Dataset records
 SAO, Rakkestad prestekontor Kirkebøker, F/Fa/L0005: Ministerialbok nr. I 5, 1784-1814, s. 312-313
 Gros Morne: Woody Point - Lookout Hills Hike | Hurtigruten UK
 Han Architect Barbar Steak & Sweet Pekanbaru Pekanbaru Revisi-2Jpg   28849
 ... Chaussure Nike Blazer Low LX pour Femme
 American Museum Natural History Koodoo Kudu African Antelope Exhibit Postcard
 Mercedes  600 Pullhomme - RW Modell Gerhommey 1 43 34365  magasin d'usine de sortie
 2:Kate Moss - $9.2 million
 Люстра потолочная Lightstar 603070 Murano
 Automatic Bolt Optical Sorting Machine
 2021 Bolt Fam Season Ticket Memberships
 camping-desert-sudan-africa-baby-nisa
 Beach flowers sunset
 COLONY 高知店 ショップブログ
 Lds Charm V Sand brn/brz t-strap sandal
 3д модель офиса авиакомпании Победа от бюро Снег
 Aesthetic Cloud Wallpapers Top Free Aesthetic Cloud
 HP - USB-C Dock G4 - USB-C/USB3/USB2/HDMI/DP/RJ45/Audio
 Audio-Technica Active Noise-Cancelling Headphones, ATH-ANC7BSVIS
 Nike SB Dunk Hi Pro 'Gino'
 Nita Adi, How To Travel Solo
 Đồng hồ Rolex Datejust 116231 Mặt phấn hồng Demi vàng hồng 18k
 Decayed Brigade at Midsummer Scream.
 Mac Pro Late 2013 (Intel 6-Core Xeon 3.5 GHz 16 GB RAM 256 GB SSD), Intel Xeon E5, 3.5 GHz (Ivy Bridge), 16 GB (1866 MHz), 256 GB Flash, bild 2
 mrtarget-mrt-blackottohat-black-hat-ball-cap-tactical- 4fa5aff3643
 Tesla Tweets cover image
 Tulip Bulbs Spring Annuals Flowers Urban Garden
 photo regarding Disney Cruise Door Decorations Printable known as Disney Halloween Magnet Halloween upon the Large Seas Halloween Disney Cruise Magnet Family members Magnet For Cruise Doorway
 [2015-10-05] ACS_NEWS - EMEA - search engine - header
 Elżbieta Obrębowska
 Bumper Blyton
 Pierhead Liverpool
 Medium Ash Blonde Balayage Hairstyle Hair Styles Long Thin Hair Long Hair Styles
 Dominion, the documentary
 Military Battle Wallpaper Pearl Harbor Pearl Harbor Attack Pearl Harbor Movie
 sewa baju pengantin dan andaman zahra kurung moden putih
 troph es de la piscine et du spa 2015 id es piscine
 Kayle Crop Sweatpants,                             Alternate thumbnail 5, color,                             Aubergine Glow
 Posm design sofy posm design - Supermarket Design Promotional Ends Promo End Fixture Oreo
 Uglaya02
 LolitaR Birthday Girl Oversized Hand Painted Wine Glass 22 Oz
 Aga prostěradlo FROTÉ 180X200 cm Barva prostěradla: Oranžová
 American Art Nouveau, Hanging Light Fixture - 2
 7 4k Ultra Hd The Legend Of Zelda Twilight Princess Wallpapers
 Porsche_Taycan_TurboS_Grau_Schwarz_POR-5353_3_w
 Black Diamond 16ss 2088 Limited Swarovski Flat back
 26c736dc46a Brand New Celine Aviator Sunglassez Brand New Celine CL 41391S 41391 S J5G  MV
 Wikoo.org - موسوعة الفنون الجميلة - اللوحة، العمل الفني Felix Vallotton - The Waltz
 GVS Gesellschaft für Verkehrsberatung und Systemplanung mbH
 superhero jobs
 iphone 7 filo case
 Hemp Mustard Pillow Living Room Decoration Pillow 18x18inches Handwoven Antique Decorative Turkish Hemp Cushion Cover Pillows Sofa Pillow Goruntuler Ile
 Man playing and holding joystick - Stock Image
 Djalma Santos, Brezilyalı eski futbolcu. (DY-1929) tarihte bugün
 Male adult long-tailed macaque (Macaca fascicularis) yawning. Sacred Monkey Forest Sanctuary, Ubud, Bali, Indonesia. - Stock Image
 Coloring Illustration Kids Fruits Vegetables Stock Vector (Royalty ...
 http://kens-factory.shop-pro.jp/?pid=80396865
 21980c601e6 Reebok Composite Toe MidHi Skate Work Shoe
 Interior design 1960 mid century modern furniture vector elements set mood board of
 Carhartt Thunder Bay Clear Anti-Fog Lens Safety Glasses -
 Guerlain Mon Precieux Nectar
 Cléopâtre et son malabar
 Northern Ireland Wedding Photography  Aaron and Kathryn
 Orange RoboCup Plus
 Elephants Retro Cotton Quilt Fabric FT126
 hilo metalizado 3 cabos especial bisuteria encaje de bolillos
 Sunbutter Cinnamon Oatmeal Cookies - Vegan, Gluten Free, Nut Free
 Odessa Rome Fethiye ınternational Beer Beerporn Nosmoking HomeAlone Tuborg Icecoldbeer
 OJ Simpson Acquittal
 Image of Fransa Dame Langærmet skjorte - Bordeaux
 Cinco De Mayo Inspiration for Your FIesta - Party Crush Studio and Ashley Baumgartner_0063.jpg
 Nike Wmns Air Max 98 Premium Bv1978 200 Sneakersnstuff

#### Your task
Copy each line in the entries above where the word "Bolt" shows up.

#### Result below
 Automatic Bolt Optical Sorting Machine
 2021 Bolt Fam Season Ticket Memberships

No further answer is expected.